В книге рассказывается история главного героя, который сталкивается с различными проблемами и препятствиями на протяжении всего своего путешествия. По пути он встречает множество второстепенных персонажей, которые играют важные роли в истории. Благодаря опыту главного героя книга исследует такие темы, как любовь, потеря, надежда и стойкость. По мере того, как главный герой преодолевает свои трудности, он усваивает ценные уроки жизни и растет как личность.
Роман переносит читателя в глухую забайкальскую деревню, в далекие трудные годы гражданской войны, рассказывая о ломке старых устоев жизни.
Иван Стаднюк — автор известных книг «Люди с оружием», «Человек не сдается», «Люди не ангелы».Первая книга романа «Люди не ангелы», вышедшая в «Молодой гвардии» в 1963 году, получила признание критики и читателей как талантливая и правдивая летопись советского поколения украинского села Кохановки, пережившего годы коллективизации и подъема, а также репрессии, вызванные культом личности, но не поколебавшие патриотизма героев.Во второй книге романа «Люди не ангелы» Иван Стаднюк также художественно и правдиво прослеживает послевоенные судьбы своих героев и современные перемены в жизни села Кохановки.

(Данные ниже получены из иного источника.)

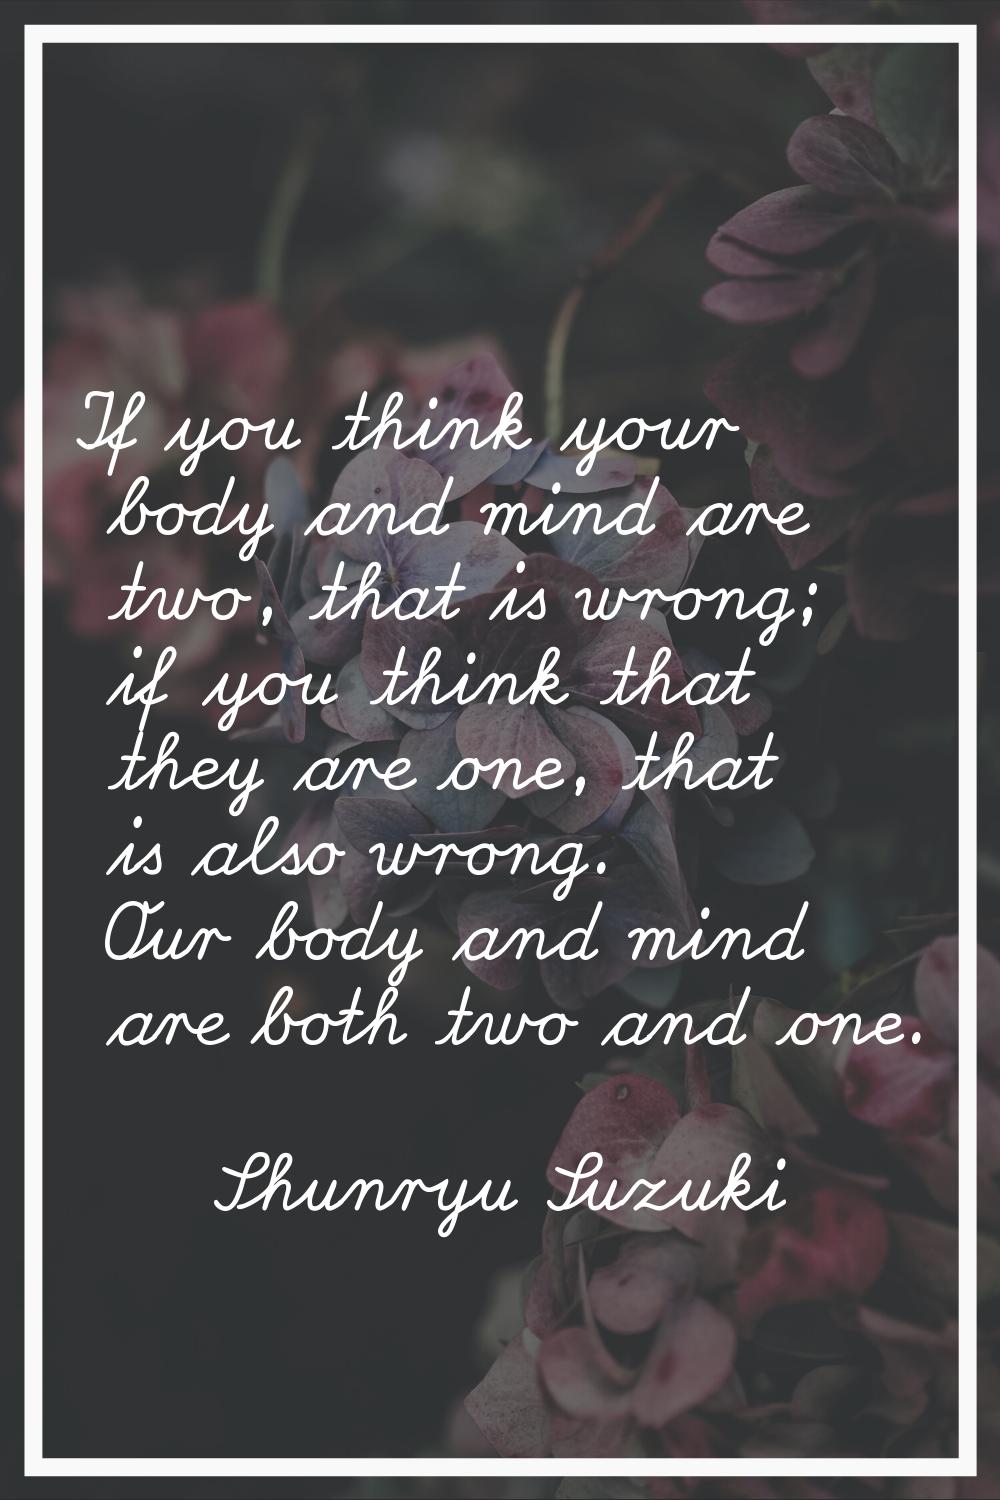 If you think your body and mind are two, that is wrong; if you think that they are one, that is als

Эта история произошла в реальности. Её персонажи: пират-гуманист, фашист-пацифист, пылесосный император, консультант по чёрной магии, социологи-террористы, прокуроры-революционеры, нью-йоркские гангстеры, советские партизаны, сицилийские мафиози, американские шпионы, швейцарские банкиры, ватиканские кардиналы, тысяча живых масонов, два мёртвых комиссара Каттани, один настоящий дон Корлеоне и все-все-все остальные — не являются плодом авторского вымысла. Это — история Италии.
В книгу вошли два романа ленинградского прозаика В. Бакинского. «История четырех братьев» охватывает пятилетие с 1916 по 1921 год. Главная тема — становление личности четырех мальчиков из бедной пролетарской семьи в период революции и гражданской войны в Поволжье. Важный мотив этого произведения — история любви Ильи Гуляева и Верочки, дочери учителя. Роман «Годы сомнений и страстей» посвящен кавказскому периоду жизни Л. Н. Толстого (1851—1853 гг.). На Кавказе Толстой добивается зачисления на военную службу, принимает участие в зимних походах русской армии.

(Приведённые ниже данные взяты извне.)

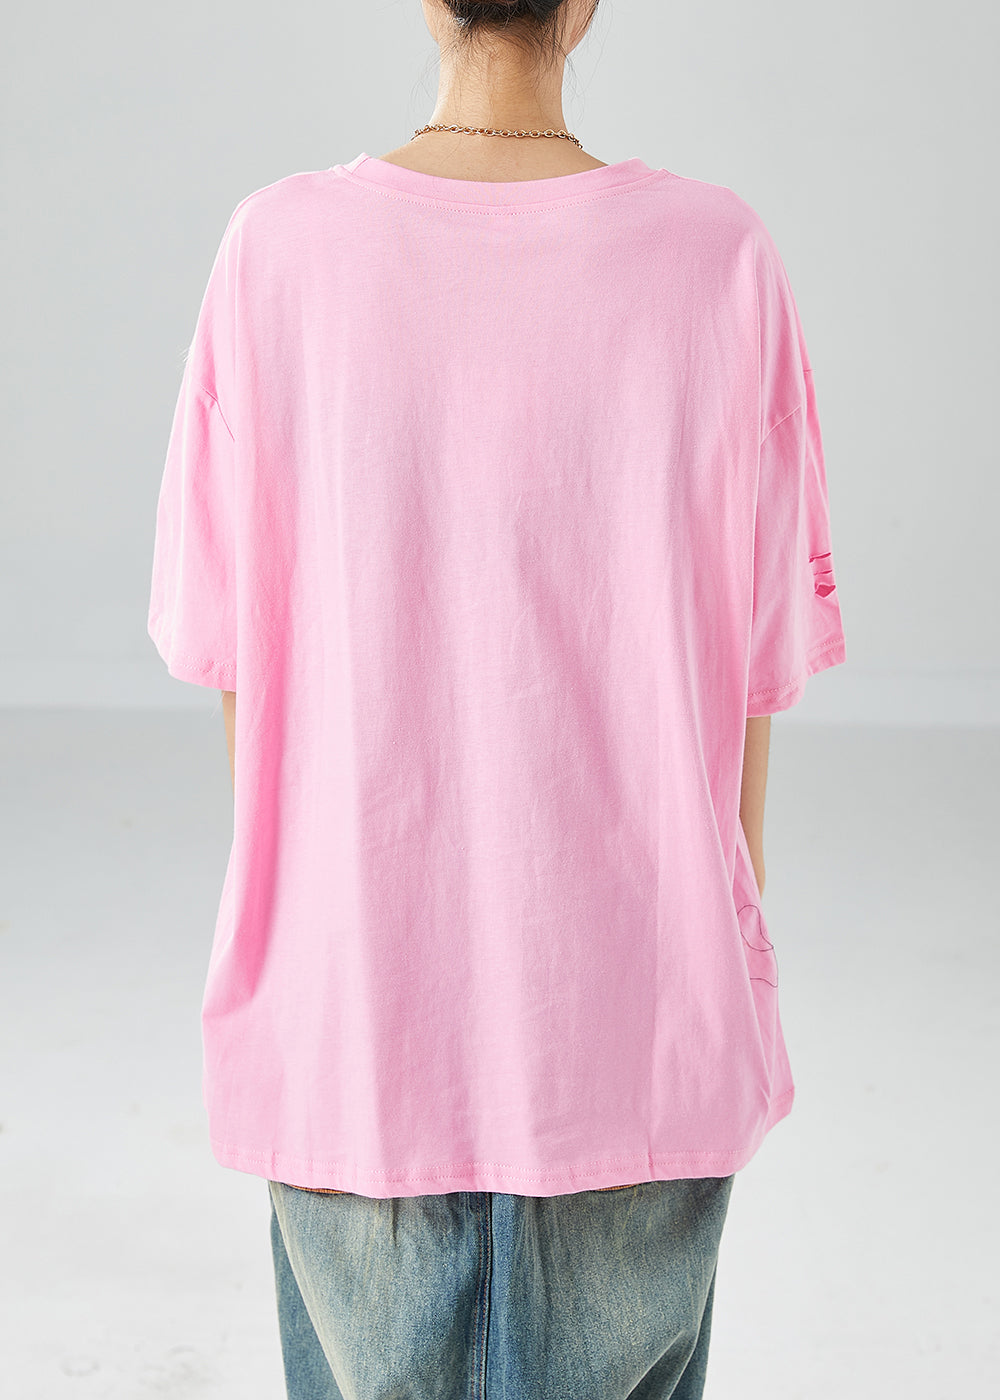 Plus Size Pink Oversized Print Hollow Out Cotton Top Summer

В книге рассматривается история древнего фракийского народа гетов. Приводятся доказательства, что молдавский язык является преемником языка гетодаков, а молдавский народ – потомками древнего народа гето-молдован.
Герои этой книги живут в одном доме с героями «Гордости и предубеждения». Но не на верхних, а на нижнем этаже – «под лестницей», как говорили в старой доброй Англии. Это те, кто упоминается у Джейн Остин лишь мельком, в основном оставаясь «за кулисами». Те, кто готовит, стирает, убирает – прислуживает семейству Беннетов и работает в поместье Лонгборн.Жизнь прислуги подчинена строгому распорядку – поместье большое, дел всегда невпроворот, к вечеру все валятся с ног от усталости. Но молодость есть молодость.